Kafka batch processing with Airflow

Introduction

In the world of big data, managing large datasets is crucial. Batch processing is the process of running a large set of data through a particular program or pipeline at one time. In this blog post, we will discuss how Kafka and Airflow can be used for batch processing.

Kafka is a distributed streaming platform which uses logs as the unit of storage for messages passed within the system. Kafka has a unique architecture that allows it to handle high volume data streams in real-time. Event streaming enables real time data interpretation and processing to effect near real time decisions to improve efficiency and optimize costs in businesses. Kafka offers a distributed, highly scalable, elastic, fault-tolerant, and secure infrastructure for real time event streams. Kafka is used in a wide variety of use cases like processing real time transactions in banks, real time analysis of sensor data from IoT devices etc.

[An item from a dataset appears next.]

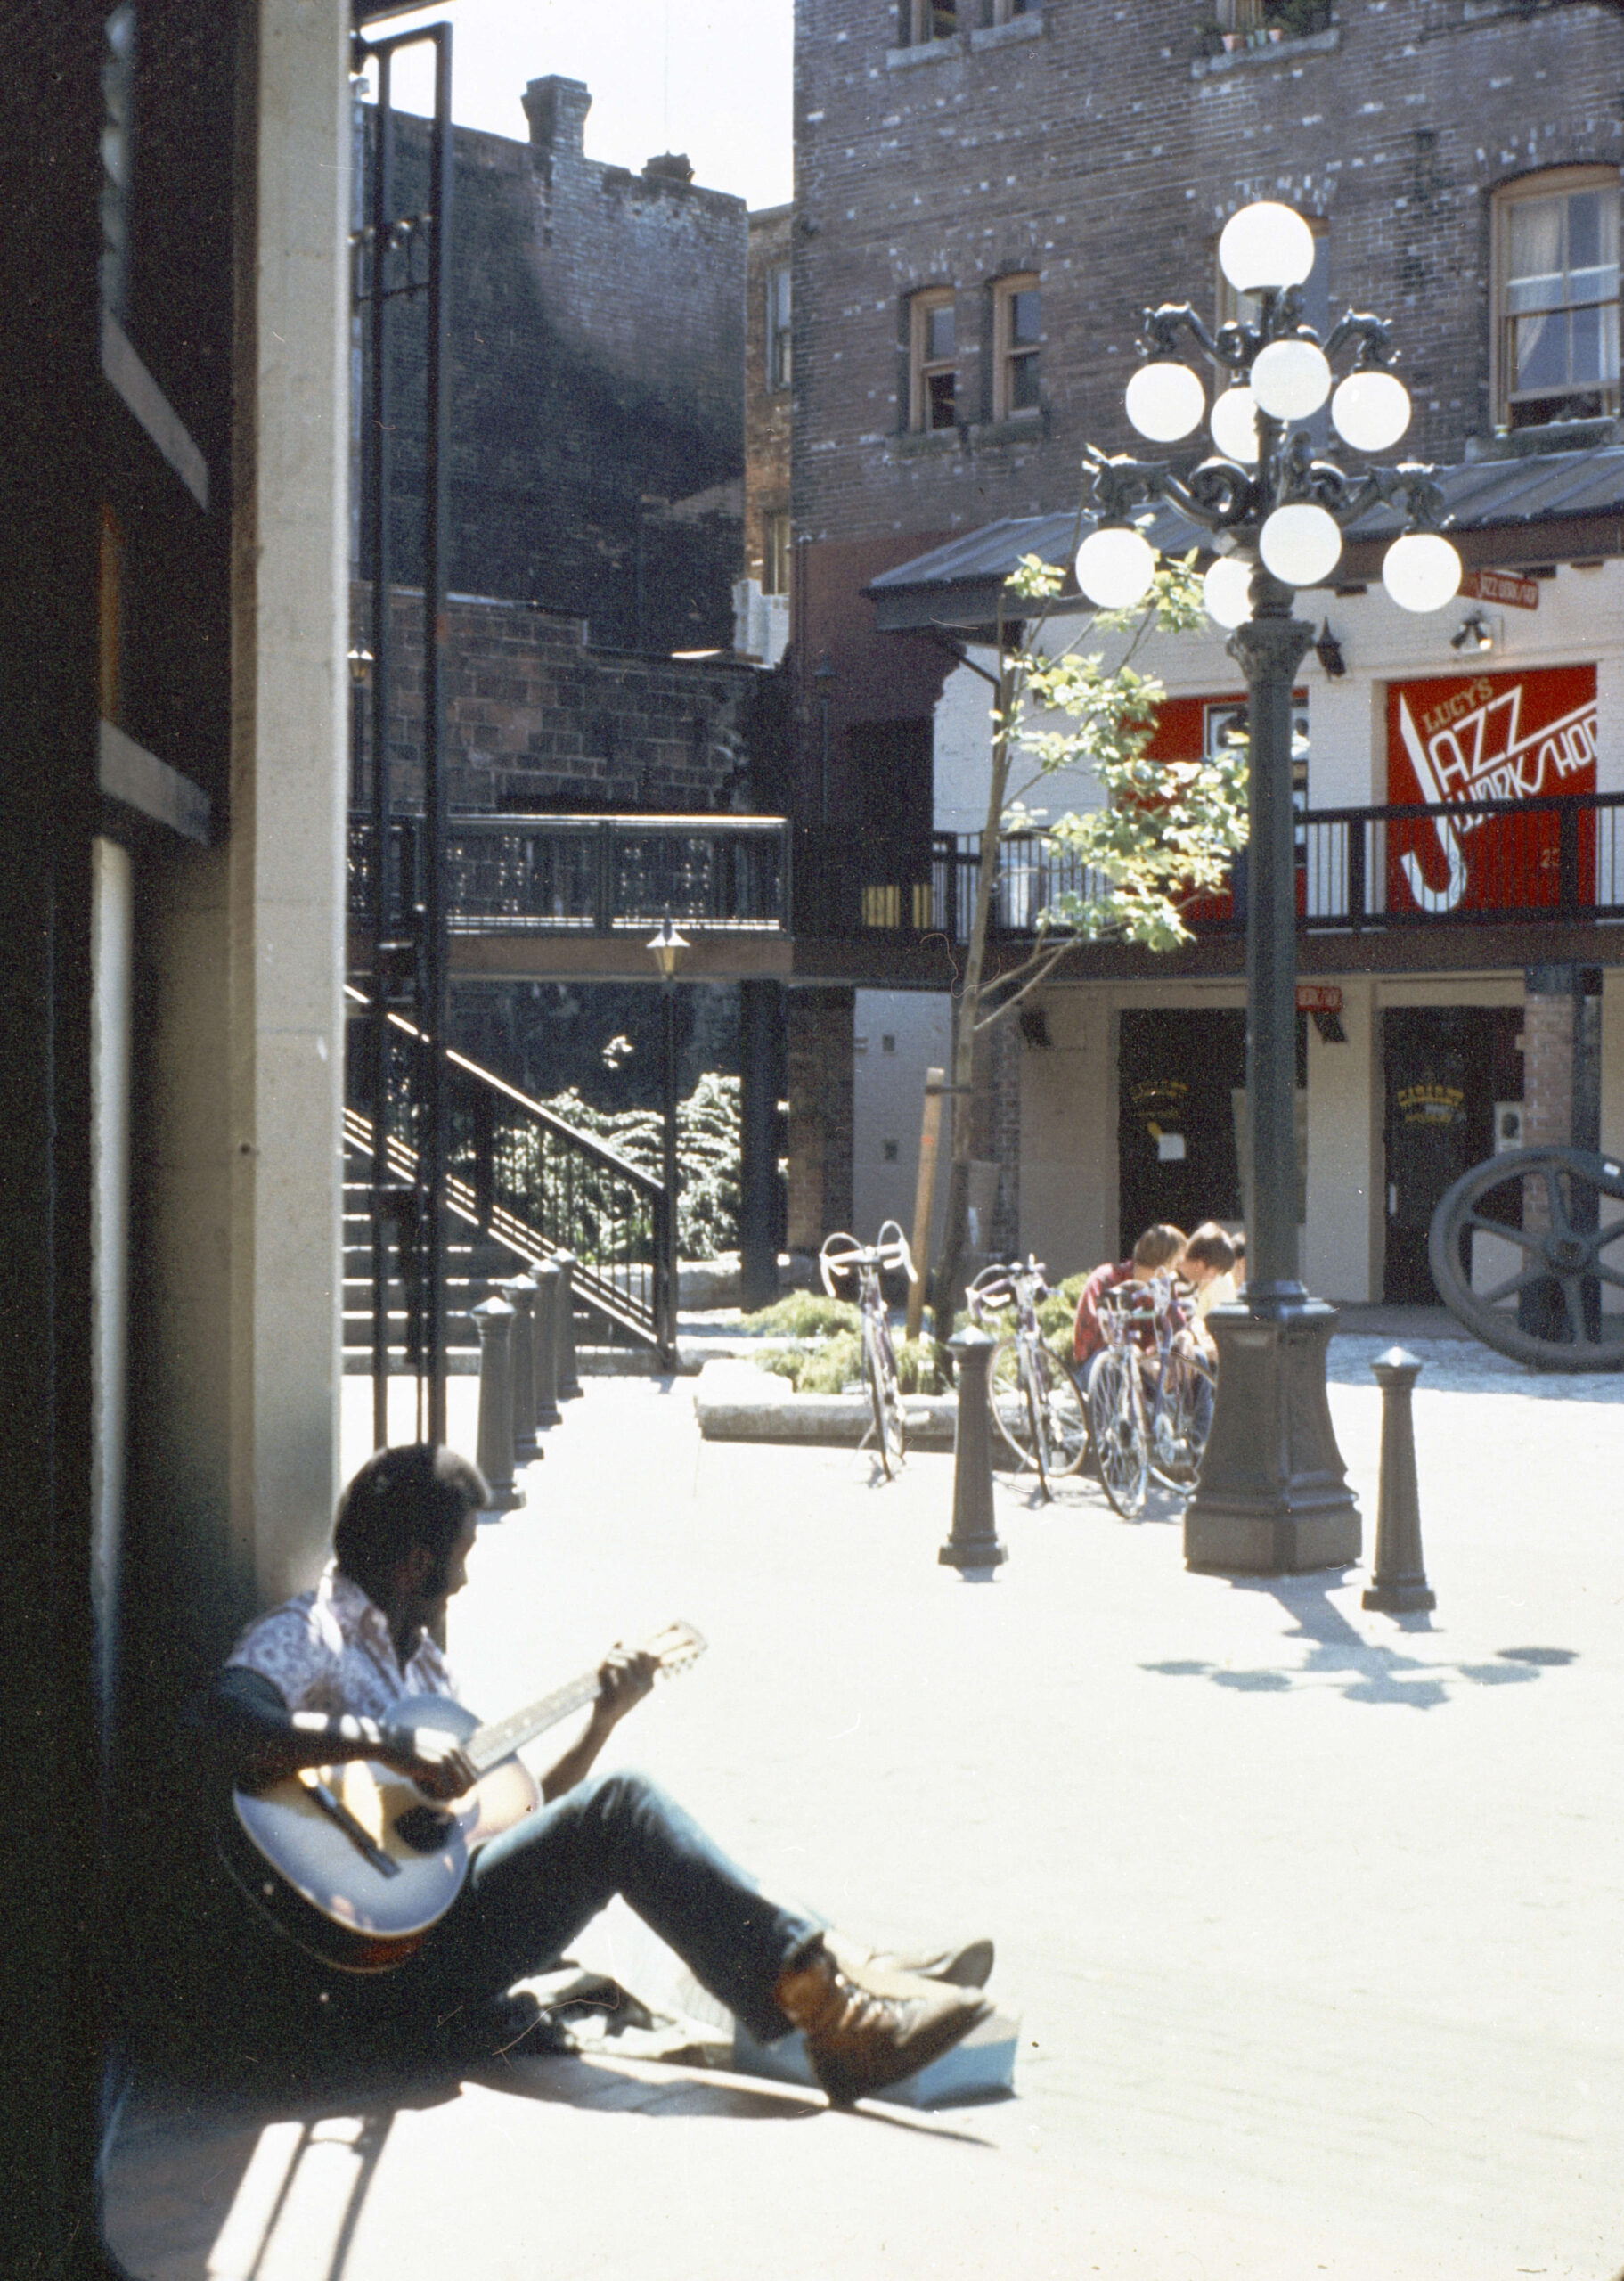 Man playing guitar in Blood Alley Square. Reference code: COV-S644-: CVA 1095-13344
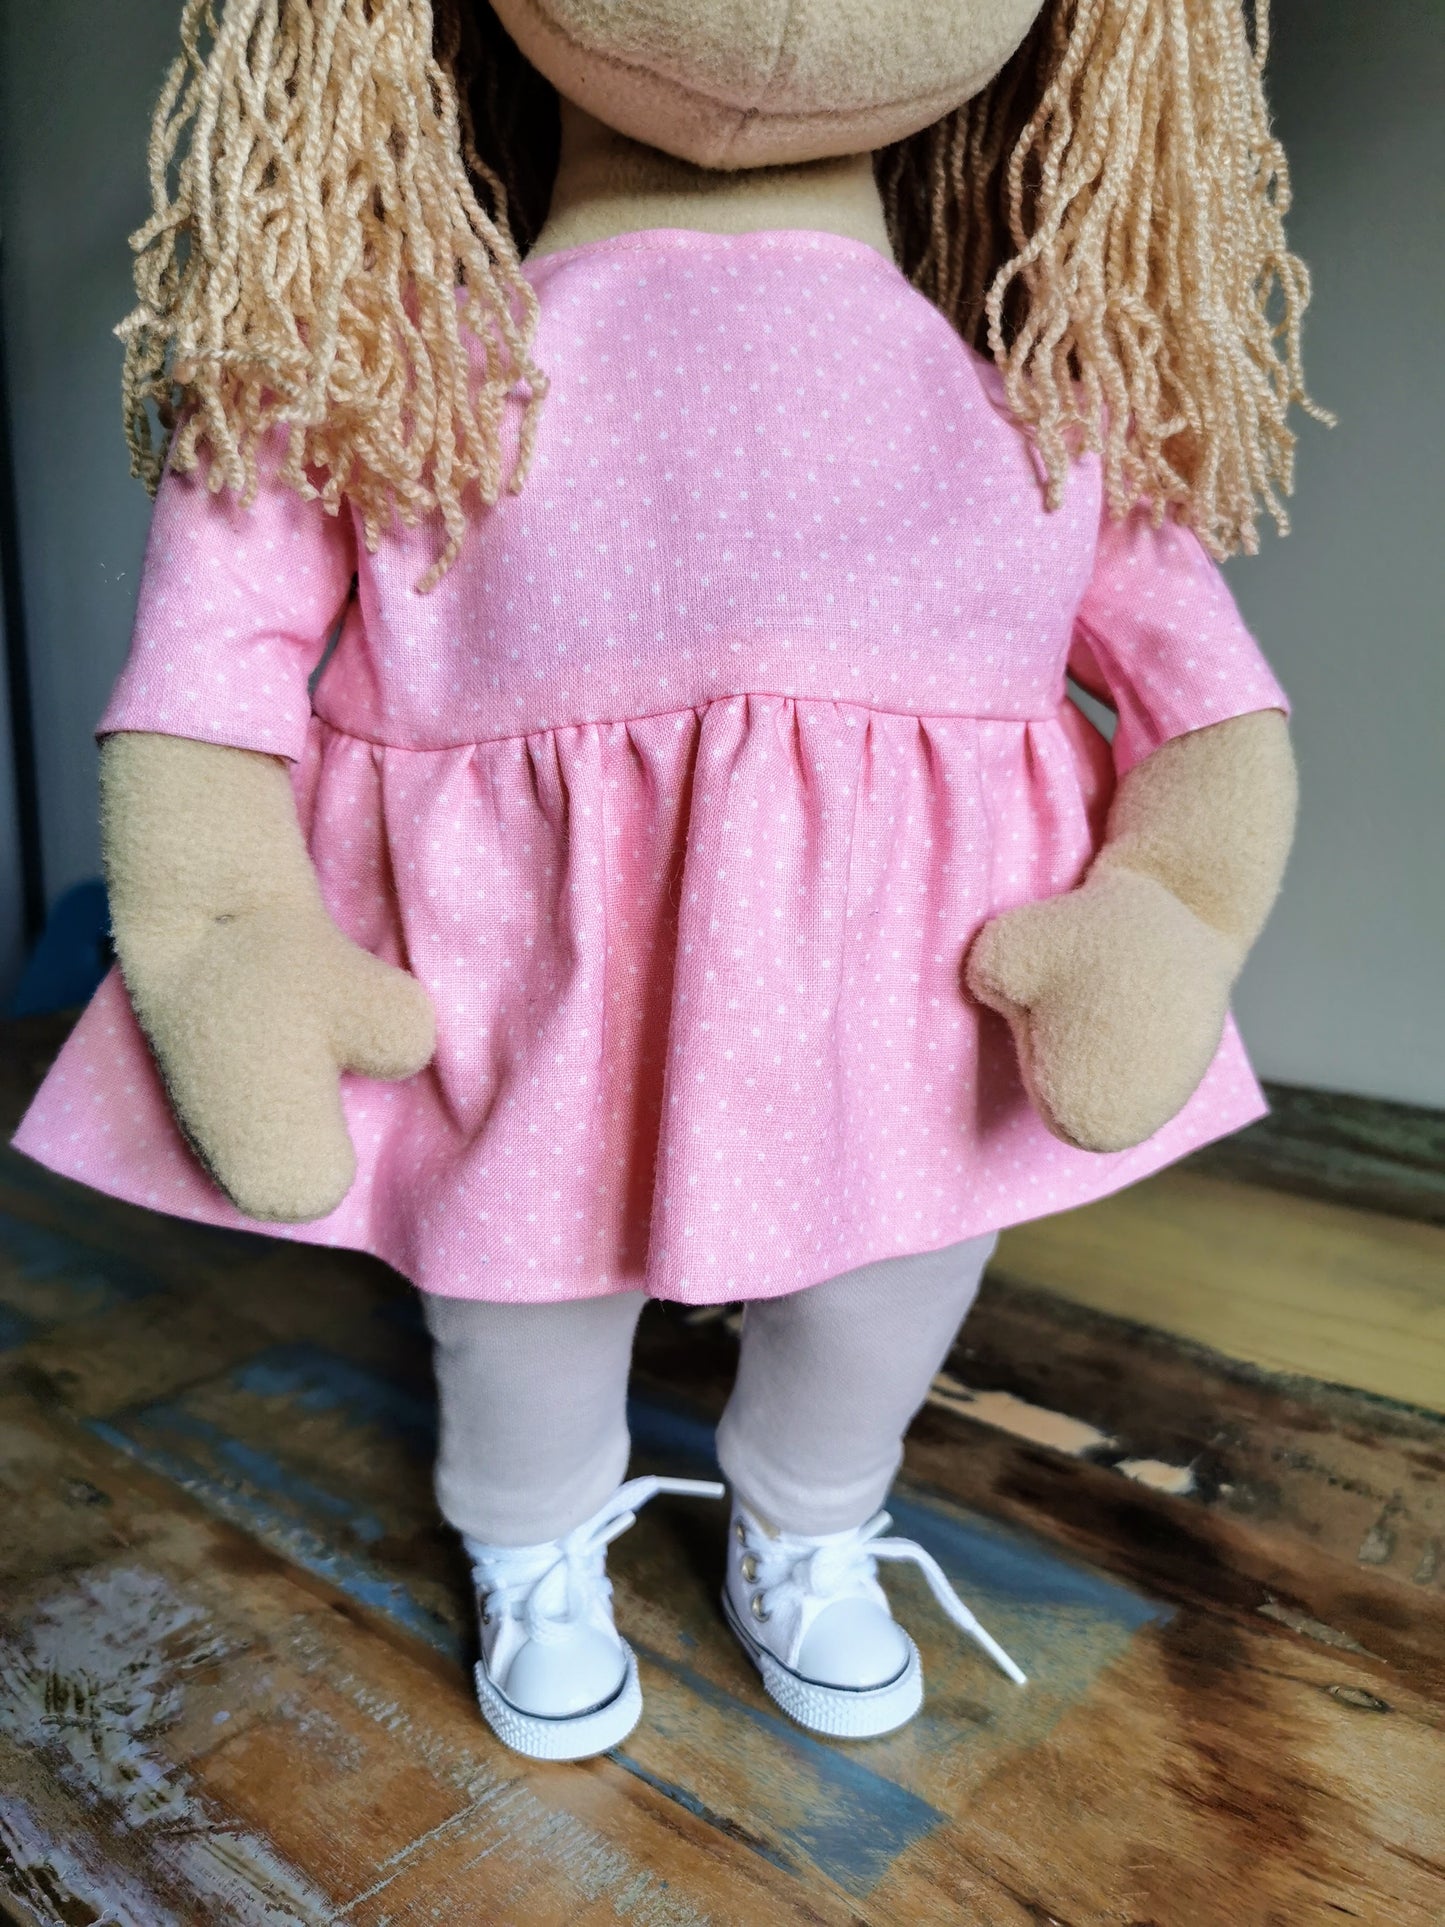 Custom Doll from Photo to Plush, dolls of real girl, replica of famous people, plush doll from photo, figurine mini-me dolls of your family 50 cm

Airflow is an open source orchestration tool to manage big data workflows. Workflows are programmatically authored as Directed Acyclic Graphs (DAGs) of tasks. The Airflow scheduler executes your tasks on an array of workers while following the specified dependencies. Airflow pipelines are defined as Python code, which means that anything that you can do with Python you can do with Airflow. It also provides a variety of operators and hooks which helps us to integrate seamlessly with most of the cloud and open-source services. Airflow is designed as a configuration-as-a-code system and it can be heavily customized with plugins.

Why Airflow in Batch processing pipeline?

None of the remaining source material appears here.